Que faire des données personnelles d'un salarié après son départ ?
Réponse courte
Le départ d'un salarié ne permet pas de conserver indéfiniment ses données. L'employeur doit appliquer le principe de limitation de la conservation (art. 5 RGPD) et trier les données entre celles à archiver pour répondre à une obligation légale et celles à supprimer ou anonymiser sans délai.
Concrètement, certaines pièces (bulletins de paie, contrats, déclarations sociales) doivent être conservées pendant 10 ans au titre des obligations comptables et fiscales. D'autres données (évaluations, accès informatiques, badges) doivent être effacées dès que leur finalité a disparu. La CNPD sanctionne tout archivage massif non justifié.
Définition
Le traitement post-emploi désigne l'ensemble des opérations sur les données du salarié après la rupture du contrat : conservation, archivage intermédiaire, suppression, anonymisation. Chaque catégorie de données obéit à une durée de conservation distincte, fondée sur une obligation légale, un intérêt légitime ou la prescription d'une action en justice.
L'employeur reste responsable de traitement au sens de l'article 4 du RGPD pour les données conservées après le départ et doit pouvoir justifier la durée appliquée.
Conditions d’exercice
Après le départ d'un salarié, les bulletins de paie et contrats sont conservés 10 ans, les données disciplinaires jusqu'à la prescription (5 ans), et les accès informatiques et badges désactivés au dernier jour de travail.
| Catégorie de donnée | Sort après le départ |
|---|---|
| Bulletins de paie, contrat, certificats | Conservation 10 ans (obligations fiscales et sociales) |
| Données disciplinaires | Suppression à l'expiration de la prescription (5 ans max) |
| Évaluations, entretiens annuels | Suppression dès la fin du contrat |
| Accès informatiques, badges | Désactivation immédiate au dernier jour |
| Email professionnel | Clôture rapide avec message d'absence et redirection limitée |
| Données sensibles (santé, syndicat) | Suppression immédiate sauf obligation légale |
Modalités pratiques
La sortie d'un salarié suit un inventaire des traitements le concernant, un tri entre archivage légal et suppression immédiate, un effacement sécurisé des supports et une journalisation des suppressions.
| Étape | Détail |
|---|---|
| Inventaire | Lister les traitements concernant le salarié sortant |
| Tri | Distinguer archivage légal et suppression immédiate |
| Archivage intermédiaire | Accès restreint aux seules personnes habilitées |
| Suppression | Effacement sécurisé des supports informatiques et papier |
| Information | Notice remise au salarié à l'embauche précisant les durées |
| Traçabilité | Journalisation des suppressions effectuées |
Pratiques et recommandations
Établir une politique écrite de durées de conservation par catégorie de données et l'annexer au registre des activités de traitement.

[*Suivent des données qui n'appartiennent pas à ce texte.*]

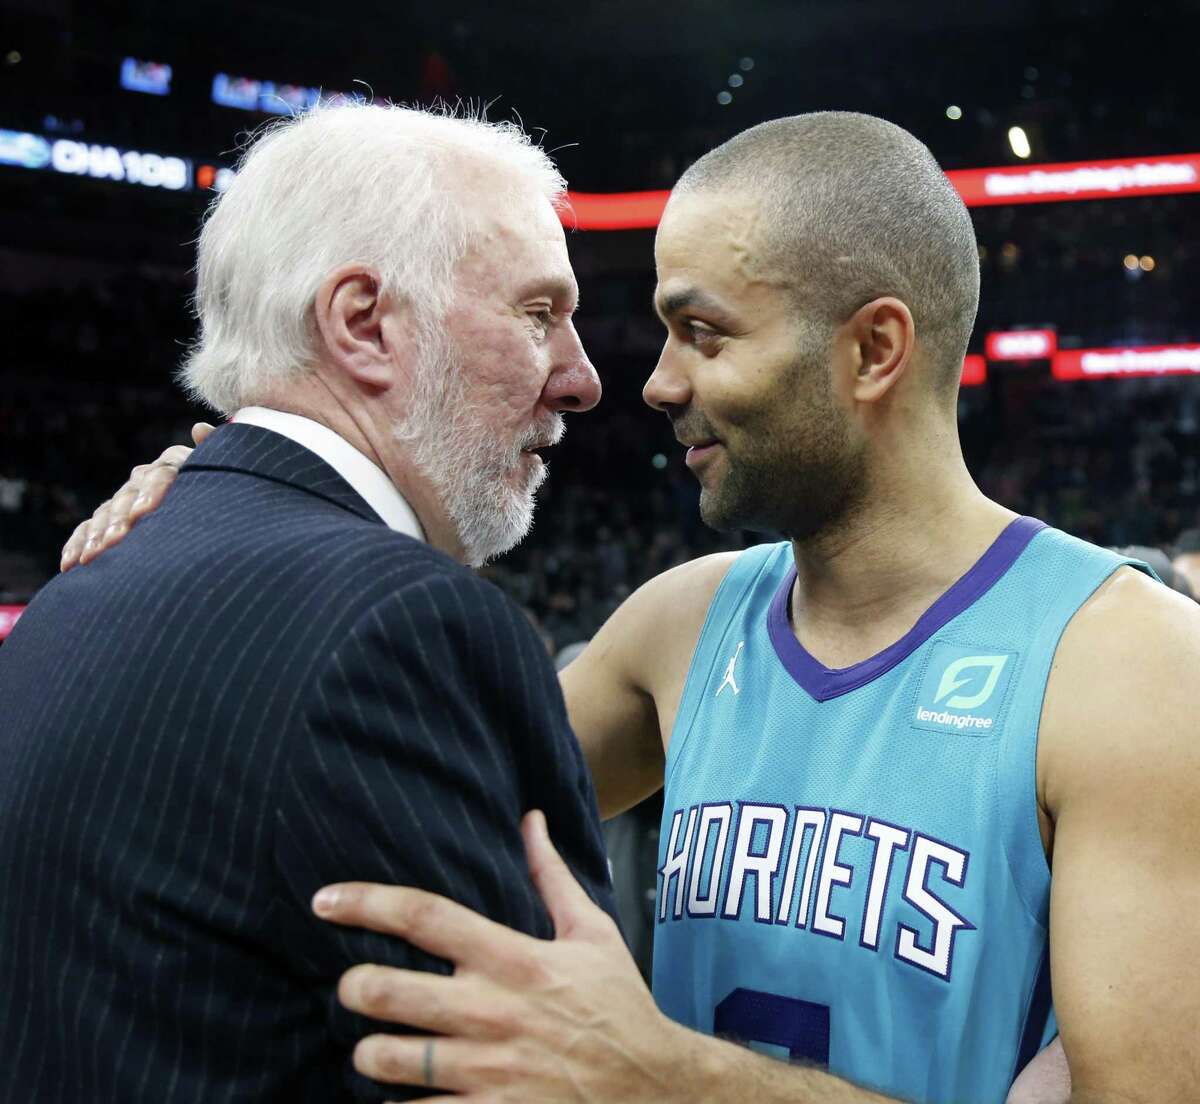 Tony Parker greets Spurs head coach Greg Popovich at the end of the game on Monday, January 14, 2019 at AT&T Center.

Anonymiser les données utilisées à des fins statistiques (turnover, masse salariale) plutôt que de les conserver sous forme nominative.
Restreindre l'accès aux dossiers archivés aux seuls responsables RH et services comptables, avec une journalisation des consultations.
Informer le salarié dès l'embauche, via la notice RGPD, des durées de conservation appliquées après son départ.
Consulter la délégation du personnel sur la procédure de gestion des données post-emploi conformément à l'article L.414-9 du Code du travail.
Cadre juridique
Plusieurs textes encadrent la gestion des données après le départ d'un salarié.
| Référence | Objet |
|---|---|
| Art. 5 RGPD | Principes de limitation de la conservation et de minimisation |
| Art. 17 RGPD | Droit à l'effacement des données |
| Art. 30 RGPD | Registre des activités de traitement |
| Art. L.261-1 Code du travail | Surveillance des salariés et protection des données |
| Loi du 1er août 2018 | Régime général de protection des données au Luxembourg |
| Code de commerce | Conservation 10 ans des pièces comptables |
Note
Une conservation excessive des données d'ex-salariés expose l'entreprise à une sanction de la CNPD pouvant atteindre 20 millions d'euros ou 4 % du chiffre d'affaires mondial. La preuve du tri régulier est essentielle pour démontrer la conformité.